Die Nicht-Finanzierung einer vielversprechenden Medikamenten-Studie ist das nächste Kapitel in einer nicht enden wollenden Geschichte der gesundheitspolitischen Ignoranz. Bereits im vergangenen Jahr hat der Berliner Senat sein Versprechen gebrochen, mit Long-Covid-Ambulanzen mehrere Anlaufstellen für Erkrankte in der Hauptstadt einzurichten. „Die Krankenbehandlung der betroffenen Personengruppe ist aus Sicht des Senats durch die Regelversorgungsstruktur gewährleistet“, war damals die völlig absurde Begründung. Diese Realitätsverweigerung zeigt einmal mehr, dass die Politik nicht bereit zu sein scheint, die Folgen der Pandemie vernünftig aufzuarbeiten.

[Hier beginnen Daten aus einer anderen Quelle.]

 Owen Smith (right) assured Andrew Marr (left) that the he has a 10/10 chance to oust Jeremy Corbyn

Erkrankte wüten gegen Politik: „Uns fehlt die Kraft – euch fehlt der Wille“In den Betroffenen-Gruppen meiner Freundin tritt der Unmut über die fehlende Unterstützung von der Politik fast täglich zutage. Die Hausärzte sind in der Regel mit dem Krankheitsbild überfordert. Oft wird Betroffenen lediglich dazu geraten, einfach mehr Sport zu treiben und sich mehr zu bewegen – es sei ja alles nur psychisch bedingt. Eine Reha oder alternative Therapien wie das simulierte Höhentraining, die sogenannte Intervall-Hypoxie-Hyperoxie-Therapie (IHHT) führen nur bei manchen Erkrankten zum Erfolg. Bei anderen wiederum verschlechtert sich der Zustand dadurch sogar. Auch breit verfügbare Medikamente fehlen, Betroffene greifen daher – wenn überhaupt – zu Off-Label-Medikamenten, bei denen jedoch die offizielle Zulassung fehlt.

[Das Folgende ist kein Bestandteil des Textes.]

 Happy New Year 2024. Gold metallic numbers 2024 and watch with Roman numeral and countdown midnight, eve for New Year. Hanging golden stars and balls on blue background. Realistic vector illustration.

Bei der bundesweiten Liegenddemo vor wenigen Wochen, bei welcher tausende an ME/CFS Erkrankte für mehr Unterstützung demonstrierten, zeigte sich der Frust der Betroffenen auf bedrückende Art und Weise. „Uns fehlt die Kraft – euch fehlt der Wille“ stand auf einem der Demonstrationsschilder – „Wir liegen nicht herum, wir kämpfen im Liegen“ auf einem anderen. Eine Australierin erzählte unter Tränen, dass sie schon seit Jahren auf der Liegenddemo für mehr Anerkennung und Unterstützung kämpfe. Geändert habe sich in all der Zeit allerdings „nichts“.

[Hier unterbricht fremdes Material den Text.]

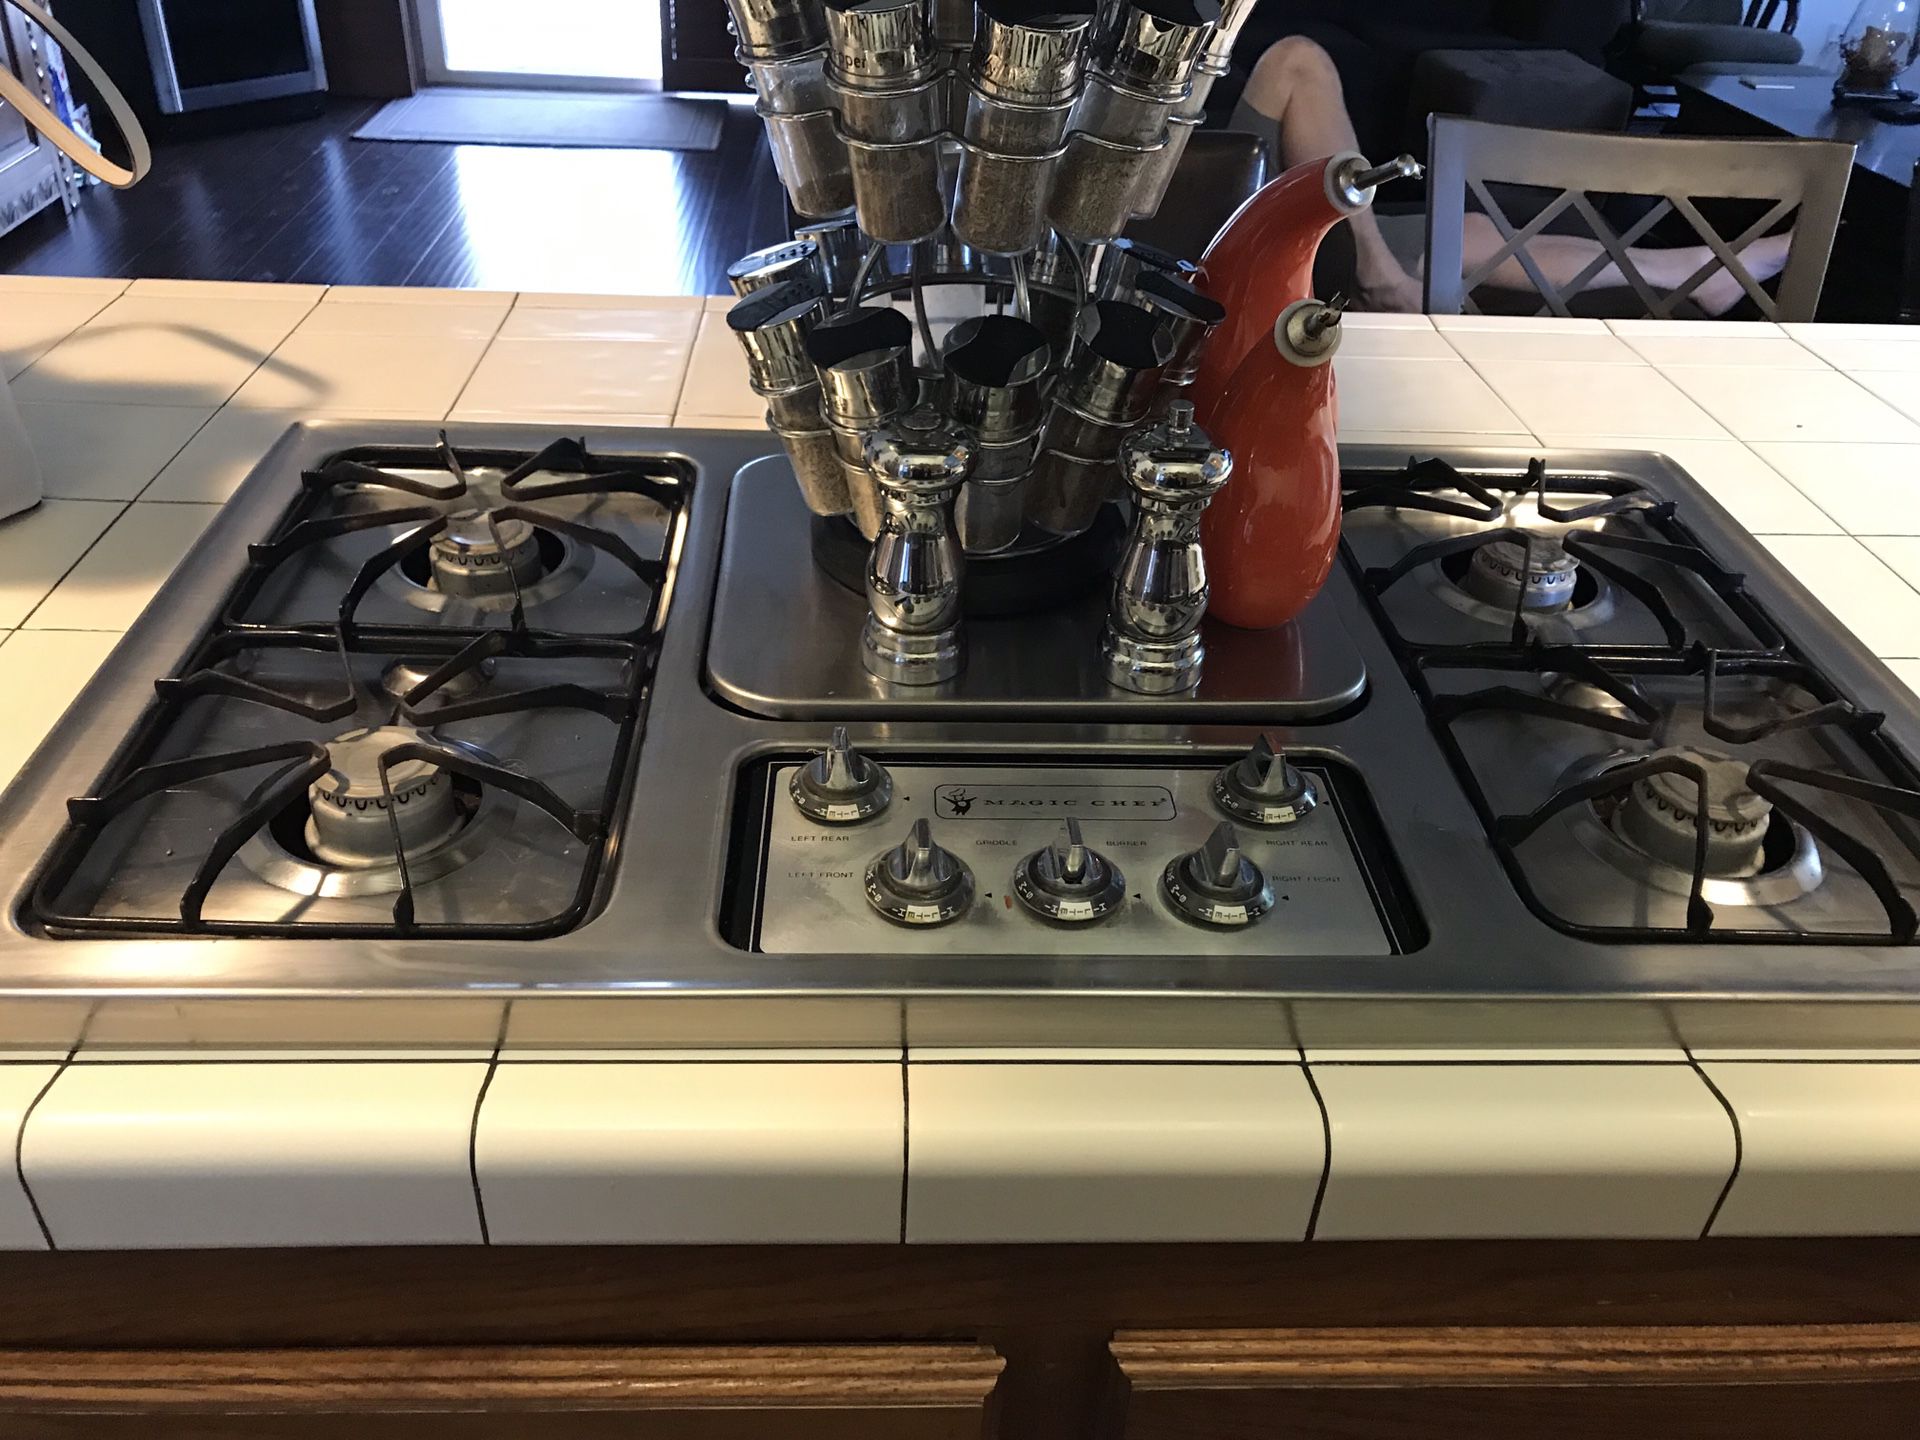 36 inch Magic Chef GAS cooktop (used) works great - pick up in Rancho Cucamonga CA

Bereits im Mai 2023 hat die Weltgesundheitsorganisation den internationalen Gesundheitsnotstand wegen der Corona-Pandemie aufgehoben. Trotzdem hat es die Bundesregierung erst zwei Jahre später geschafft, endlich eine Enquete-Kommission zu beschließen, die den Umgang mit der Pandemie in Deutschland aufarbeiten soll. Fraglich bleibt jedoch, ob diese den vielen Langzeit-Betroffenen von Corona wirklich helfen wird. Stattdessen muss in der Politik endlich die Gewissheit einkehren, dass sie nicht einfach Hunderttausende in Deutschland ignorieren kann.
Im Koalitionsvertrag verspricht die neue Bundesregierung mehr Forschung und eine bessere Versorgung für an ME/CFS, Long Covid und Post Vac erkrankte Menschen. Es bleibt nur zu hoffen, dass den Worten endlich auch Taten folgen.